Humanity has simply been given a front-row seat to a Mars touchdown, because of a high-resolution, full-colour video that NASA launched of its Perseverance rover descending into Jezero Crater on 18 February.
The video reveals the drama of the spacecraft’s remaining descent, from the 21.5-metre-wide parachute billowing overhead to gradual it down, to the dusty orange panorama of Jezero gently rocking beneath as Perseverance drifted downwards, to the ultimate moments when the rover’s six corrugated wheels touched down on a flat, rock-studded floor.

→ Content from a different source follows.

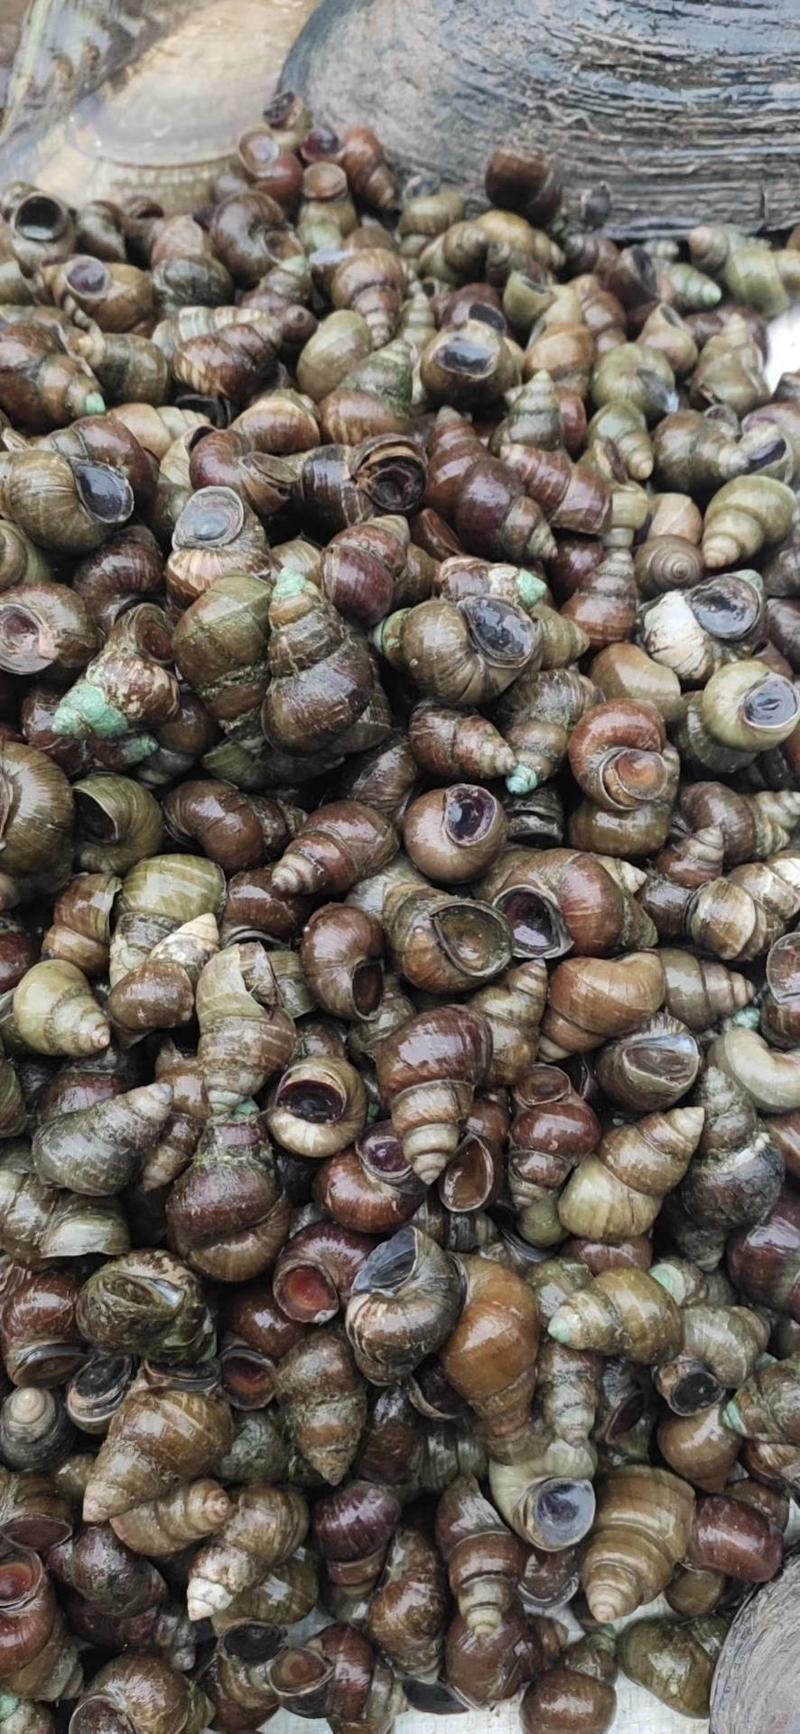 养殖螺蛳薄壳螺蛳食用螺蛳1.5以上不封顶水产

This video—the primary of its sort—reveals how Perseverance landed on Mars. Because it whizzes towards the floor, it deploys a parachute, then the sky crane fastidiously lowers the rover to the touchdown web site, kicking up mud and particles within the course of. The footage was captured by a number of cameras mounted on the rover, the sky crane and a shell that protected the rover initially of the descent. Credit score: NASA/JPL-Caltech
“You might be getting a glimpse into what it could be prefer to land efficiently into Jezero Crater with Perseverance,” says Matt Wallace, the mission’s deputy challenge supervisor on the Jet Propulsion Laboratory (JPL) in Pasadena, California. “That is the primary time we’ve been capable of see ourselves—to see our spacecraft—land on the floor of one other planet.”
“These movies are the stuff of our desires,” says Al Chen, an engineer at JPL who heads the entry, descent and touchdown workforce for Perseverance.

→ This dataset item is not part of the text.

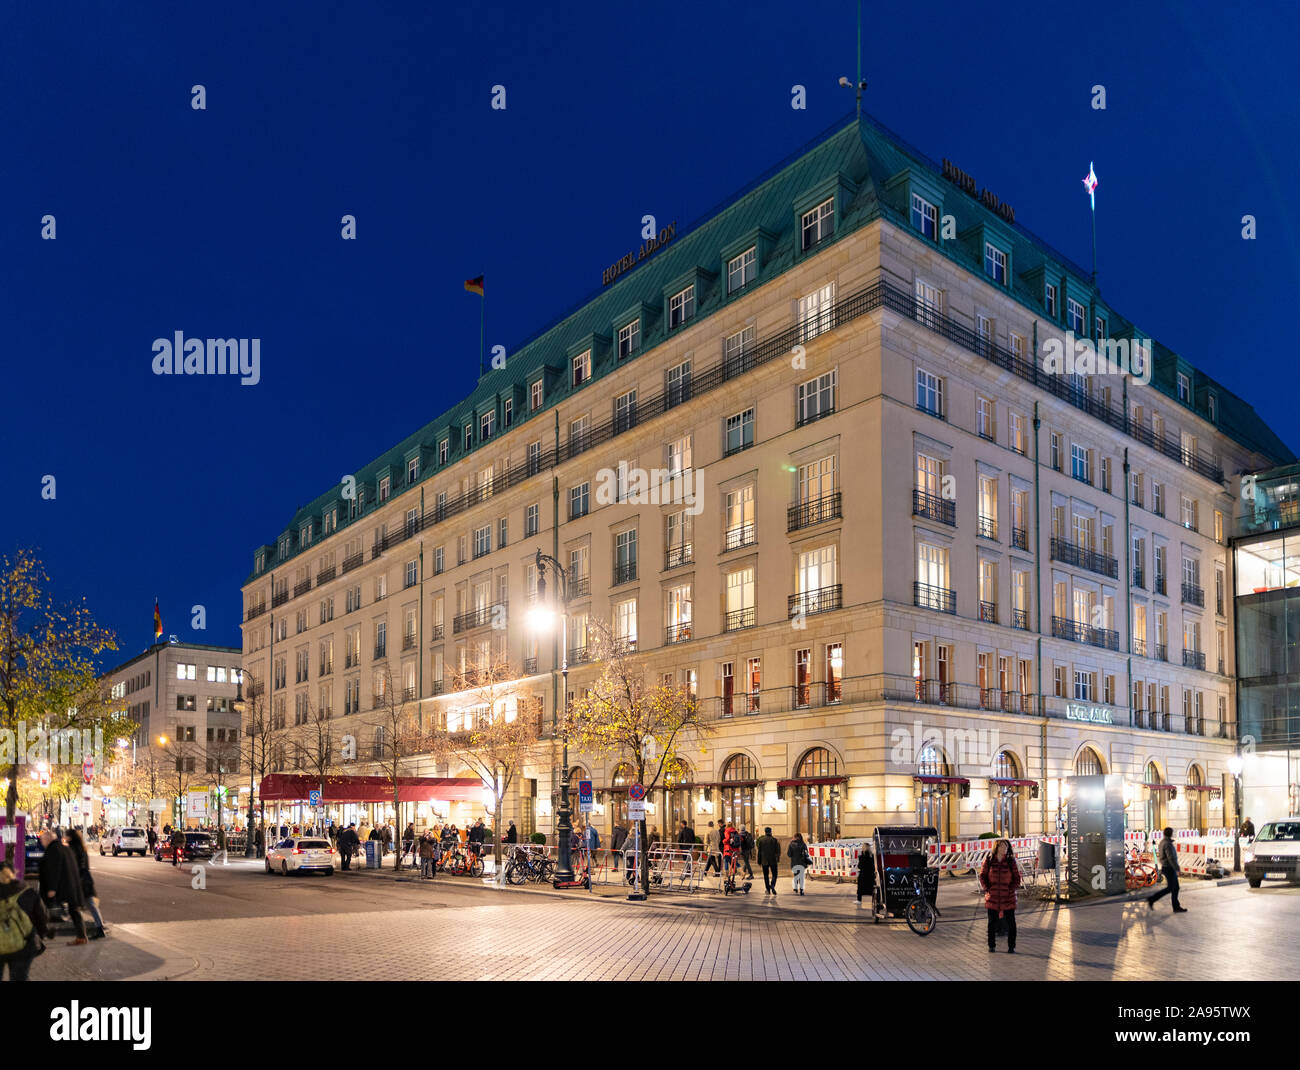 Bei Nacht Hotel Adlon am Pariser Platz in Berlin, Deutschland Stockfoto

From above, NASA’s Mars Reconnaissance Orbiter, which launched in 2005 to check the planet’s geology, photographed the particles from the touchdown—the discarded parachute, warmth defend and different parts—unfold out throughout Jezero.
All methods on board the rover are working as deliberate, says JPL’s Jessica Samuels, the rover’s surface-mission supervisor. Over the weekend, it switched on its high-gain antenna, to speak extra effectively with Earth, and raised a tall mast laden with cameras to survey its environment.
Preliminary photographs taken by the rover’s navigation cameras and stitched collectively right into a 360-degree panorama present the excessive cliffs of an historic river delta within the distance. That delta is the reason NASA sent Perseverance to Jezero, as a result of the rocks would possibly include proof of fossilized microbial life from greater than 3.5 billion years in the past. Perseverance is at the moment about 2 kilometres away from the delta.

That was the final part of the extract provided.